DFW MOVERS & ERECTORS, INC. Hereafter called “DFW”

  1. PAYMENT
    Customer agrees to pay DFW in full all charges arising from, or incidental to, the work contracted for herein, as billed by DFW, within the agreed upon payment terms shown on the front hereof, or on a written purchase order, without regard to any offsets claimed by Customer.
  2. INTEREST
    Customer expressly agrees that, upon default in the payment of the sums due hereunder, DFW shall be entitled to interest on the past due balance in the amount of eighteen percent (18%) per annum or maximum by law commencing the eleventh (11 th ) day after the completion date until paid.
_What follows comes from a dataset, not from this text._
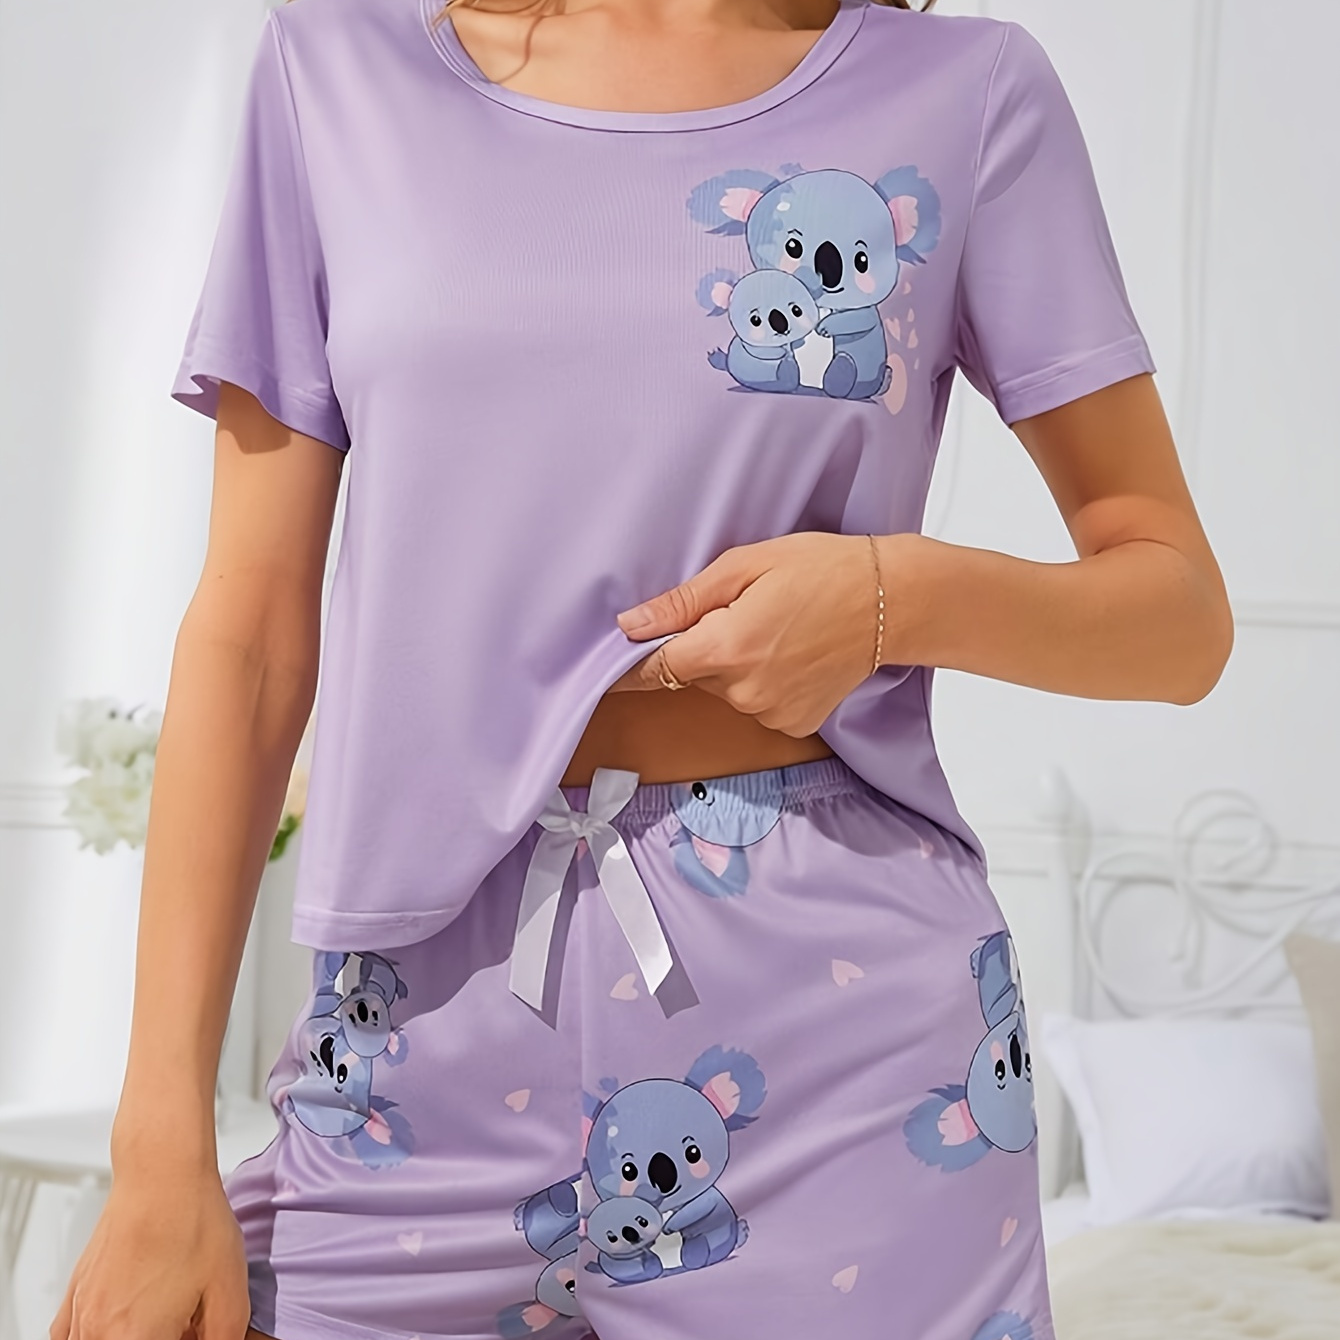 

Cute Koala Print Pajama Set, Round Neck Short Sleeve Top & Elastic Shorts, Women's Sleepwear
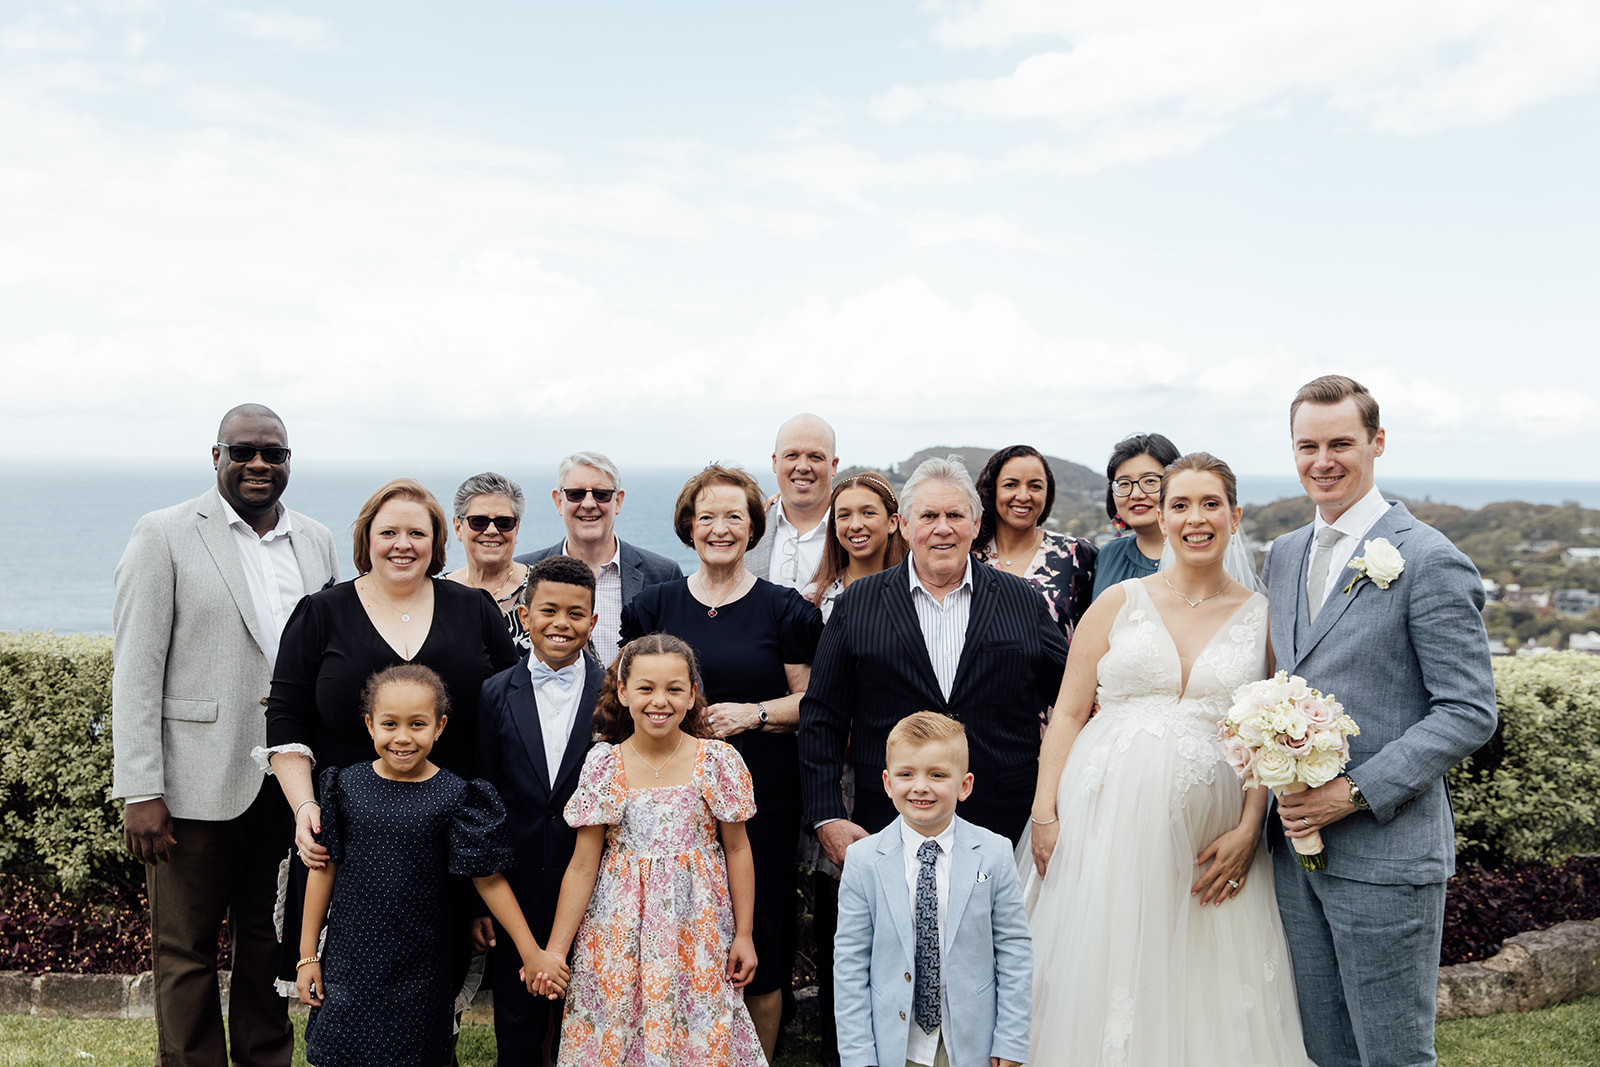 A family photo at a wedding

  3. MECHANIC’S AND MATERIALMEN’S LIEN
    Upon the occurrence of any default in any payments due hereunder, customer expressly acknowledges the right of DFW to a mechanic’s and materialmen’s lien in the amount of the balance due at the time of default, hereby waiving any and all statutory notices required to be given by DFW as conditions precedent to the establishment of such liens, the grant herein being in addition to, and not in lieu of, any and all remedies at law or equity otherwise available to DFW for enforcement or collection of this contract.
  4. INDEMNITY
    Customer expressly warrants to DFW that, as of the date of execution hereof, There is in force a contract of insurance that covers DFW, its officers, employees, and agents, For any and all liability to any person for death, personal injury, or property damage of any Type directly or indirectly caused by omissions or negligence of others, as it relates to the Performance of DFW duties hereunder; and, in addition, whether customer is covered by such Insurance or not. Customer hereby agrees to indemnify and hold DFW, its officers, employees, And agents, harmless for any and all liability to any person for death, personal injury, or, Property damage of any type directly caused by the performance of DFW duties hereunder, Customer further agrees to be solely responsible to any person for any and all property and Incidental damage to all roads, bridges, driveways, parking lots, slabs, water mains, sewers, And other such structures, whether sub-surface or on the surface, over which the equipment Herein is to be operated. “person” as used herein shall include natural persons, corporations, Municipalities, utilities, and unincorporated business associations. A copy of DFW’s certificate of Insurance detailing coverages and limits, will be made available upon request.
  5. REMEDIES
    DFW may enforce this contract by any and all means available to it under the law including, but not limited to, any action seeking damages or recision or foreclosures of its mechanics’ and materialmen’s lien, or any combination thereof; provided that, if DFW should place this contract in the hands of an attorney for enforcement then Customer shall be liable to DFW for the payment of all attorney’s fees reasonable in relation to the work expended, whether enforcement is effected by suit and judgment thereon or by settlement of the claim.
  6. CONFLICT OF LAWS
    This contract shall be construed according to the laws of the State Of Texas, and the parties agree that venue of any action herein shall lie in Tarrant County, Texas, without regard to the place of contracting or the place of performance.
  7. MERGER
    These terms and conditions, together with the front hereof, constitute the entire agreement between the parties, and no deletion in them shall be binding on either party unless stricken by hand and initialed by each party in the margin alongside the deletion. All extensions hereof shall be in writing, and no oral modification of this agreement of any type shall be binding on either party hereto.